Reputation: 3635
I'm using python 3 and re
module.
Here are the strings:
s1 = "http://52portal/flood-2011-year-39090/gallery?p=3"
s2 = "http://52portal/flood-2011-year-39090"
I need to get 39090
number, ids are always given so that number has a prefix -
and no particular suffix.
I have an implementation when no other numbers are in url:
pattern = r'-([0-9]+)'
re.findall(pattern, s)[0]
How would I tell the program to ignore the number that has suffix and prefix -
?
Upvotes: 0
Views: 3481
Reputation: 626689
You need to find the right-side boundary.
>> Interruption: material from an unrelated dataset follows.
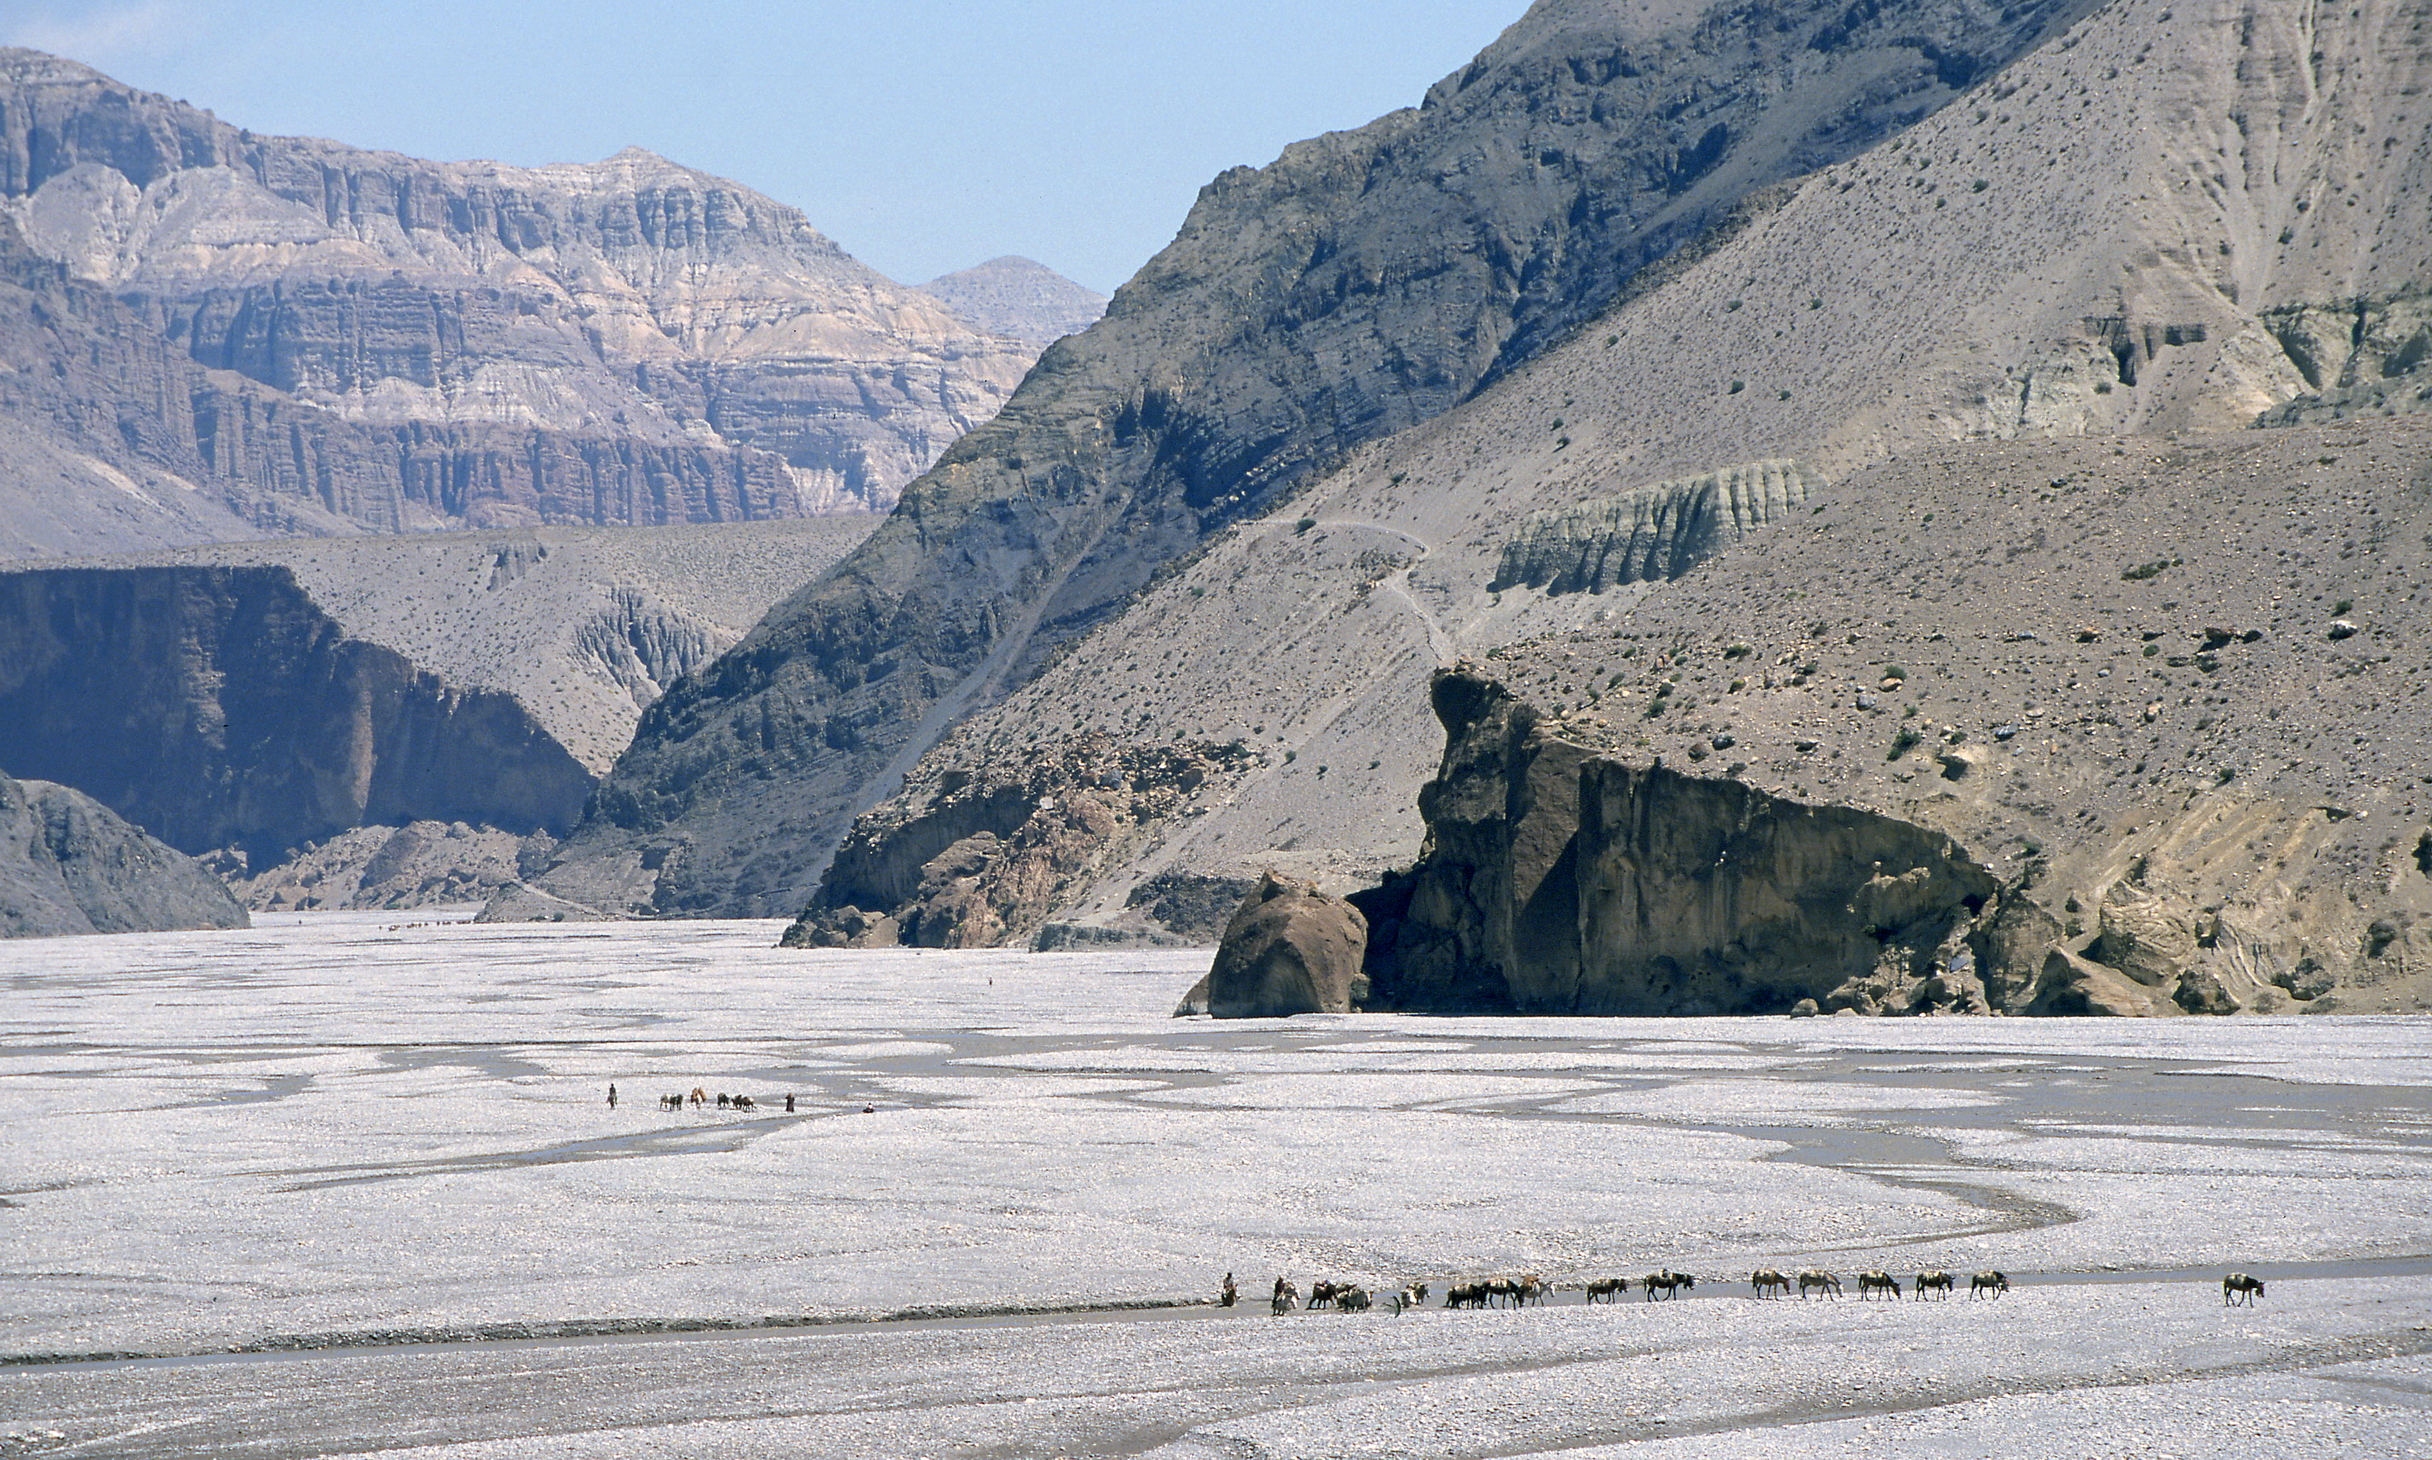 865-kali-Gandaki-carovana

It can be /
or end of string.
(?<=-)\d+(?=/|$)
Here, (?<=-)
is a positive look-behind that checks if there is a hyphen before 1 or more digits (\d+
) and (?=/|$)
is a positive look-ahead that makes sure there is /
or end of string right after that sequence.
See demo
Here is sample code:
import re
p = re.compile(r'(?<=-)\d+(?=/|$)')
test_str = "http://52portal/flood-2011-year-39090/gallery?p=3\nhttp://52portal/flood-2011-year-39090"
print(re.findall(p, test_str))
Upvotes: 3
Reputation: 21437
Try as
(?<=-)[0-9]+?(?=/|$)
https://regex101.com/r/sY3qI2/2
Upvotes: 1